En Louise wist toch beter, wist dat Hij er niet was, dat de hemelen leeg waren, haar liefde en hoop een illusie, niets meer, dat zij zich liet bedriegen als door een verraderlijk tooverbeeld!
- Mia, mijn lieveling, mijn oudste, barstte zij uit,
| |
| |
na Fransje's dood ben je mijn alles geweest, mijn schat, mijn trots. O, als je wist wat je mij was, wat je altijd voor mij ben geweest, hoe pijn het mij deed, dat wij mekaar niet begrepen, niet konden begrijpen, omdat wij andere zielen hadden...
- Moeder, lieve moeder, snikte Mia haar omknellend, zij vond geen woorden meer, niets dan tranen en kussen.
- Ach, klaagde Louise haar vast tegen zich drukkend, 't was het ongeluk van mijn leven, dat de zielen, die mij 't naaste en het liefste zijn, mij vreemd bleven en nu, nu wordt het erger dan ooit - nu is de scheiding voltrokken.
- Neen, maatje-lief! Ik blijf bij u in den geest. Dag en nacht zal ik voor u bidden - aan u denken, verbeterde zij zich zelf.
- In een graf ga jij je opsluiten, voor je leven, slecht voedsel, een hard bed, uitgemergeld van het vele vasten, rillend van kou, tusschen vreemde, doode vrouwen, met niets menschelijks meer, en hier zoo'n rijk leven van geluk, van weelde, van liefde dat je verlaat. Heb je dat bedacht in al zijn realiteit?
Zij knikte van ja.
- Alfred! Jij bent ook roomsch, je weet het beter. Is het waar of niet, wat ik zeg?

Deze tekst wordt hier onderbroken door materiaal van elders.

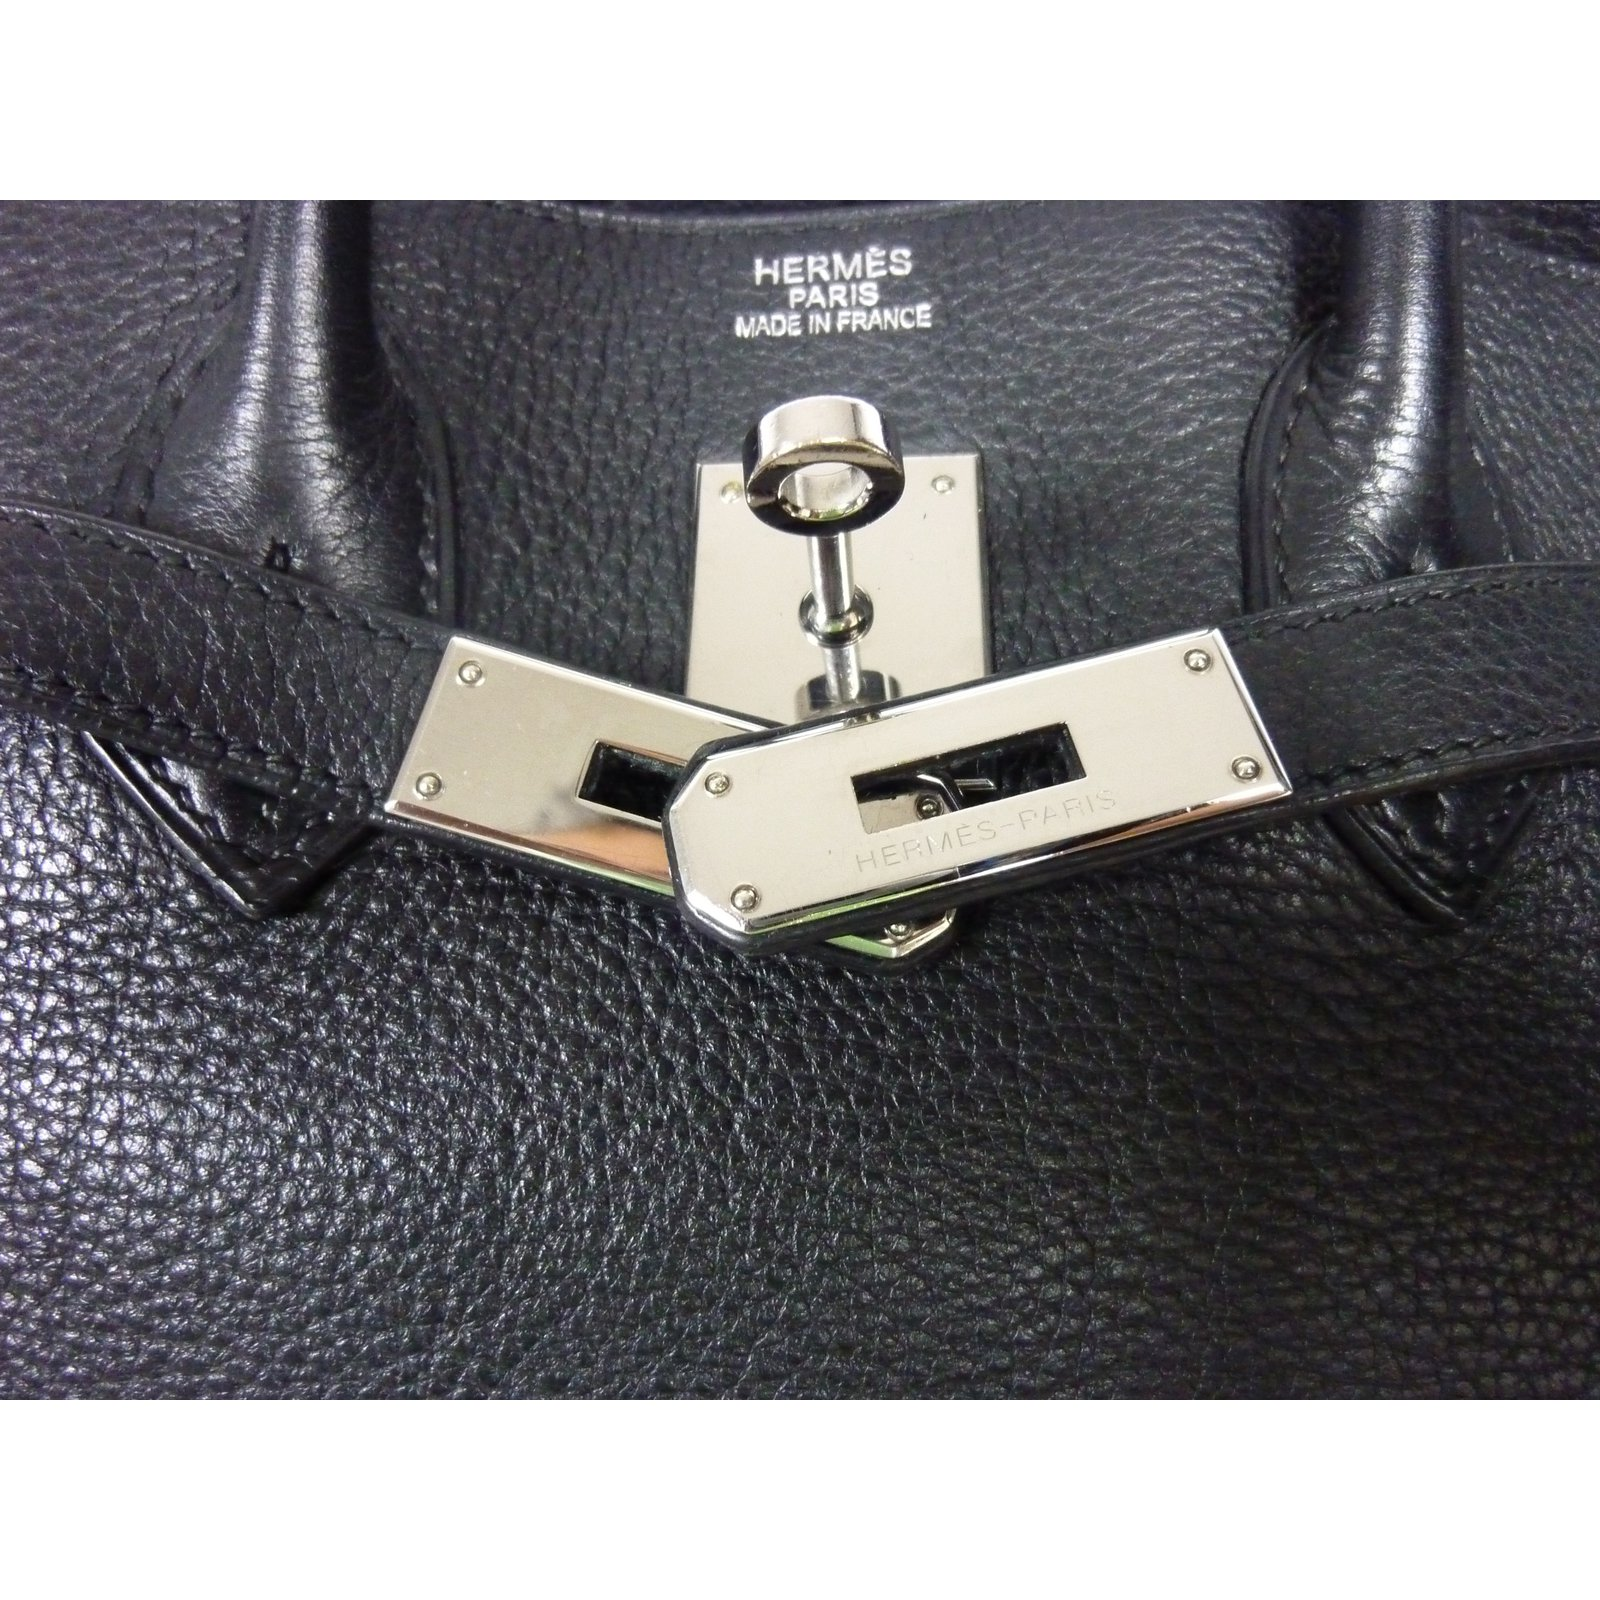 Sacs à main Hermès Sac à main Hermès Birkin 35 en cuir Togo noir en  excellent état! Cuir Noir ref.33970 - Joli Closet 3d6c1a8a8fc

- Ik heb het haar ook voorgehouden, maar zij wil niet hooren, antwoordde hij dof.
- Gebiedt je godsdienst zoo'n onnatuur, dan is het een gekke, een onzinnige godsdienst, onzinniger dan ik ooit dacht.
| |
| |
- Neen, zuchtte Alfred moedeloos. 't Zijn de dwepers van haar soort, die onzen godsdienst in discrediet brengen.
- Je zult het niet volhouden, geen maand, geen week, of je trots moet je terughouden, valsche schaamte - om terug te keeren.
- Ik beloof u dat ik mij door geen valsche schaamte zal laten weerhouden - als ik voel dat ik mij vergist heb.
- Zoo'n leven van nutteloosheid, luiheid, ledigheid...
- O neen, moeder, dat begrijpt u niet, 't is zoo niet, 't is een leven van bovenaardsch geluk. - Ik kan niet anders al zou ik willen.
- En je vader, begrijpt die het?
- Ik begrijp dat werken nuttiger is dan dat eeuwige bidden en moeilijker ook.
- Neen, bidden is werken, 't is misschien het zwaarste werken.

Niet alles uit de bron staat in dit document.